### WORK TASK:
Go through the data below and repeat it exactly, skipping each picture.

### INPUT DATA:
+ + + + +

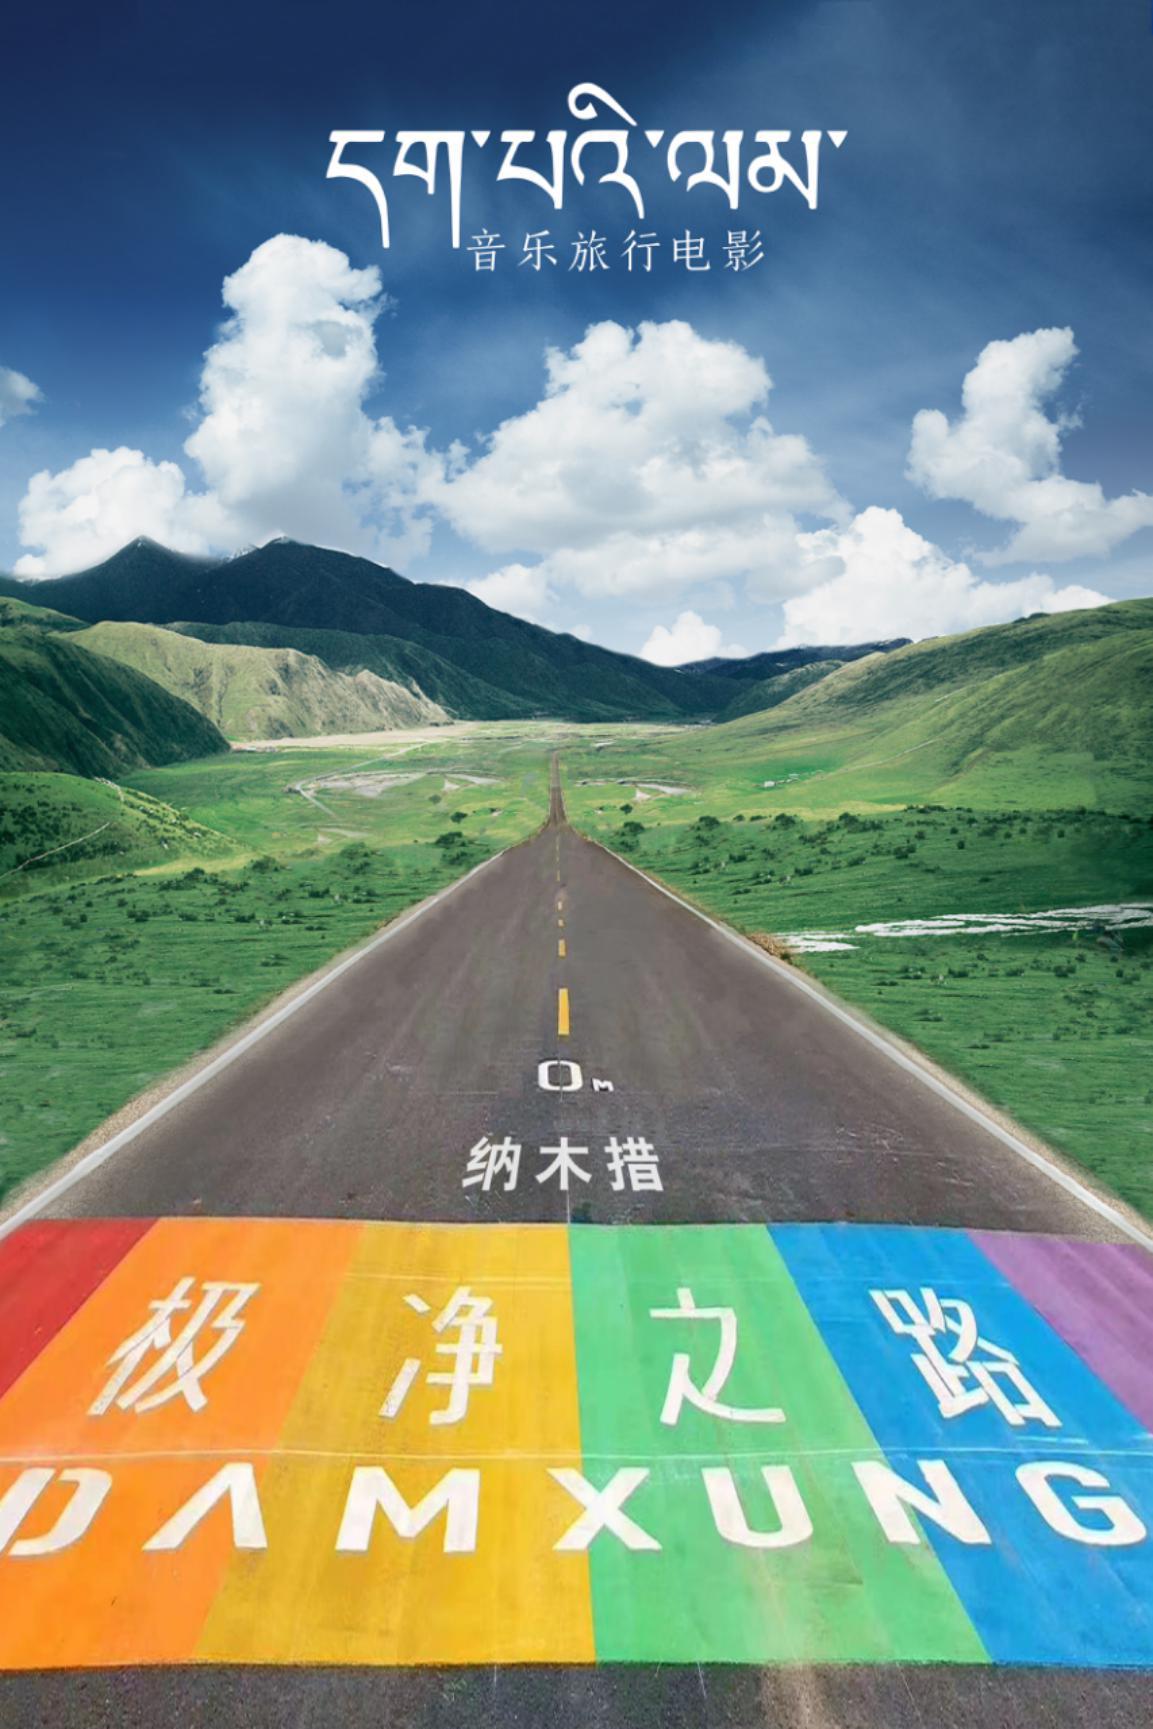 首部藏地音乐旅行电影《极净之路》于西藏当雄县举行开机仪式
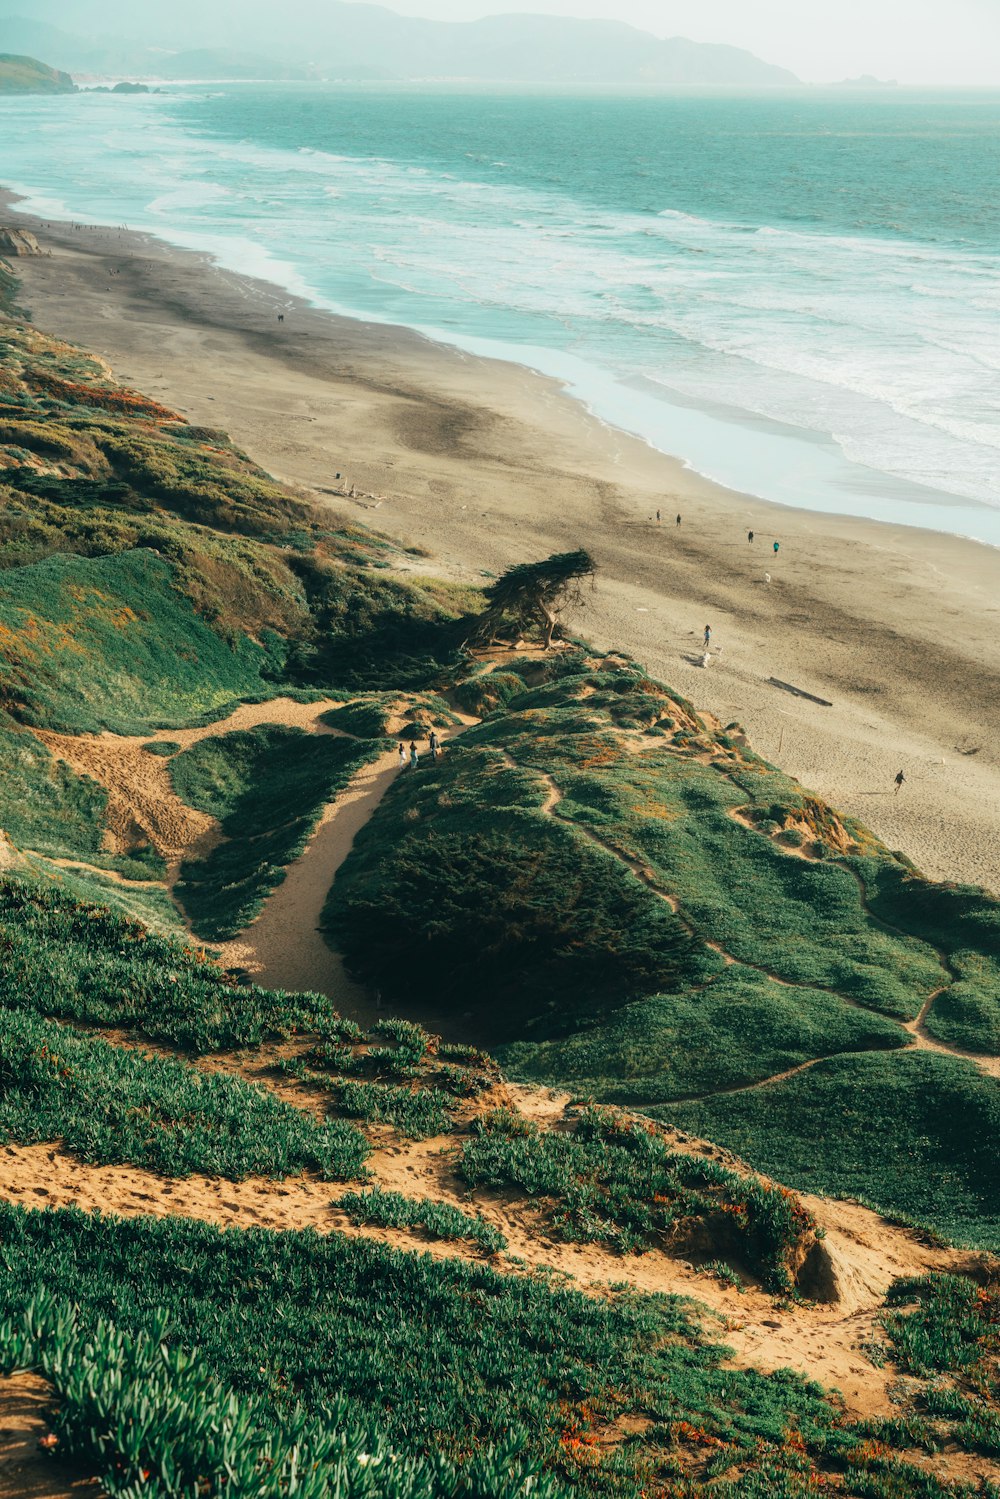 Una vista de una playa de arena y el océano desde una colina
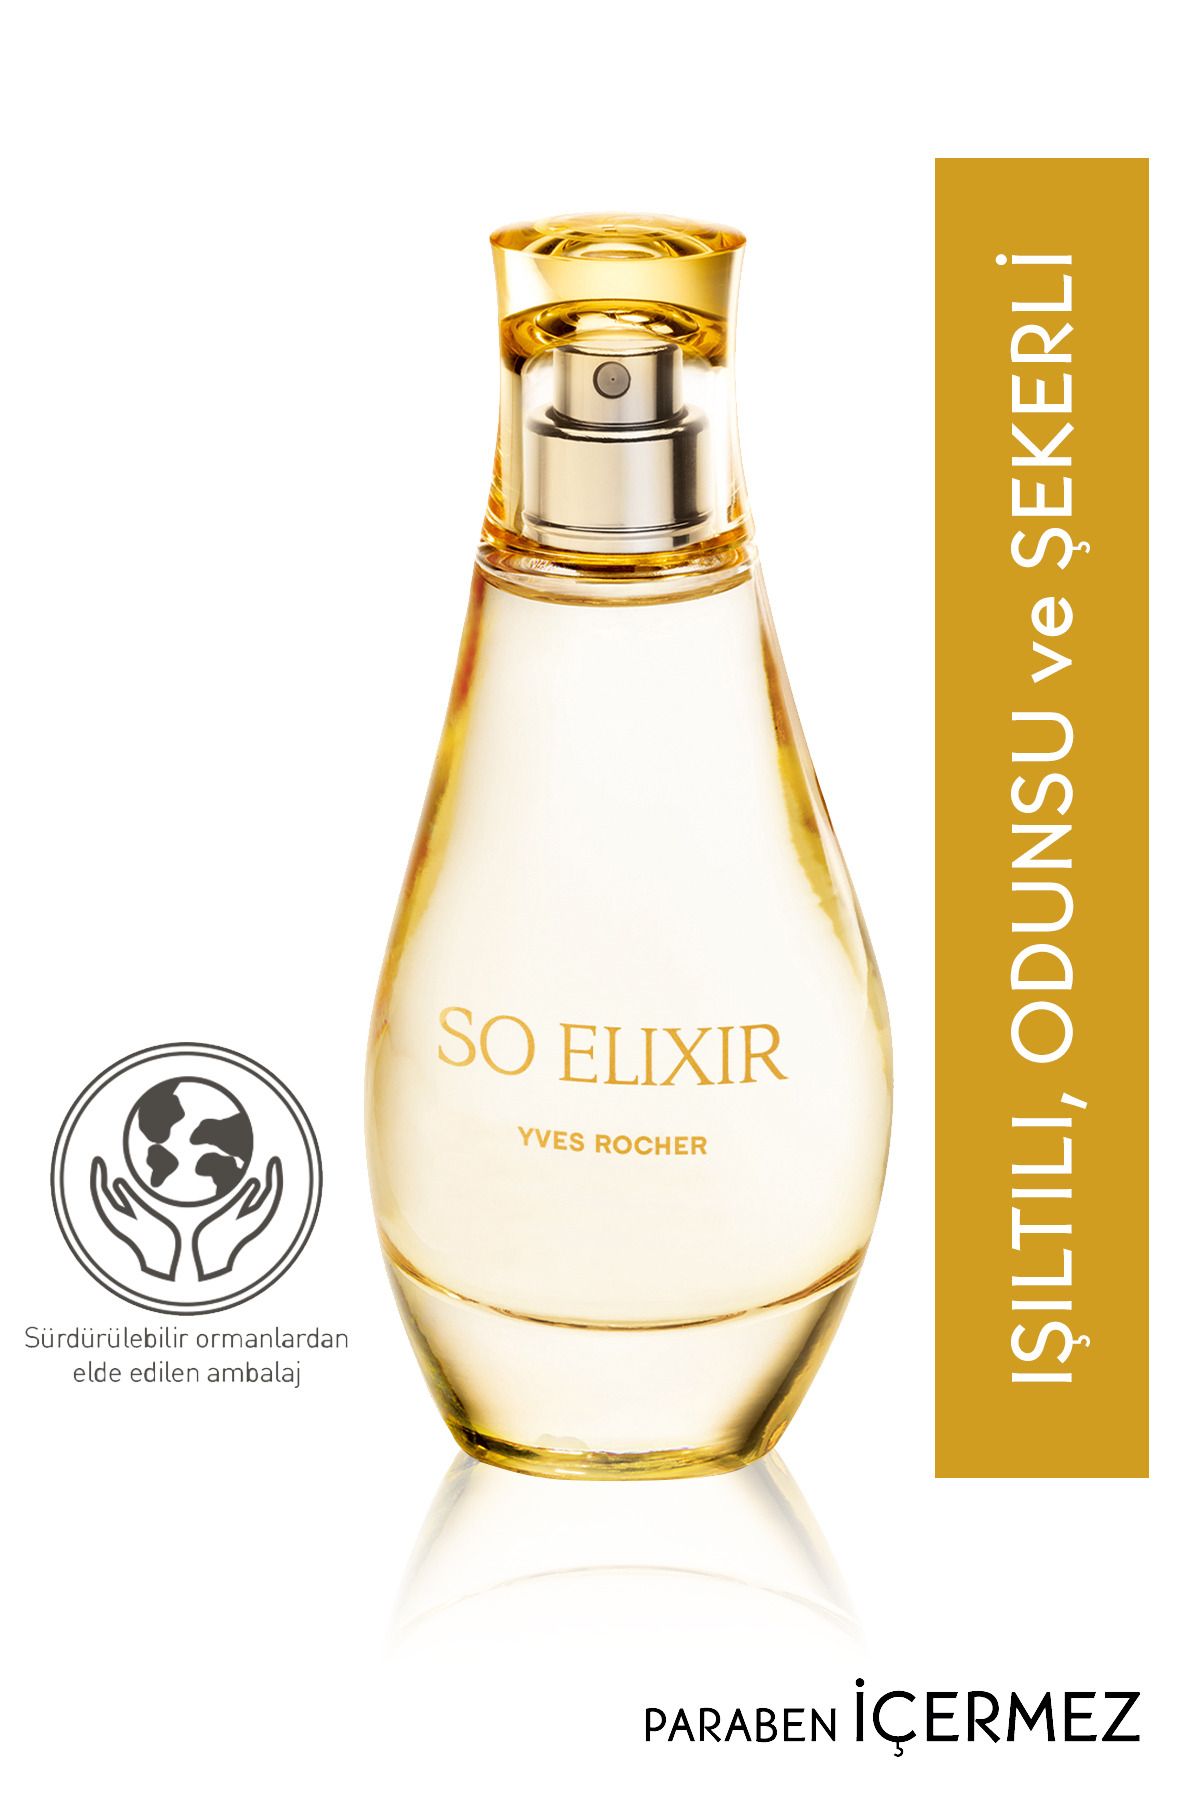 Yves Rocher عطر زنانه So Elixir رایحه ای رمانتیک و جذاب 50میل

+ + + + +

### YOUR SOLUTION:
 首部藏地音乐旅行电影《极净之路》于西藏当雄县举行开机仪式
 Una vista de una playa de arena y el océano desde una colina
 Yves Rocher عطر زنانه So Elixir رایحه ای رمانتیک و جذاب 50میل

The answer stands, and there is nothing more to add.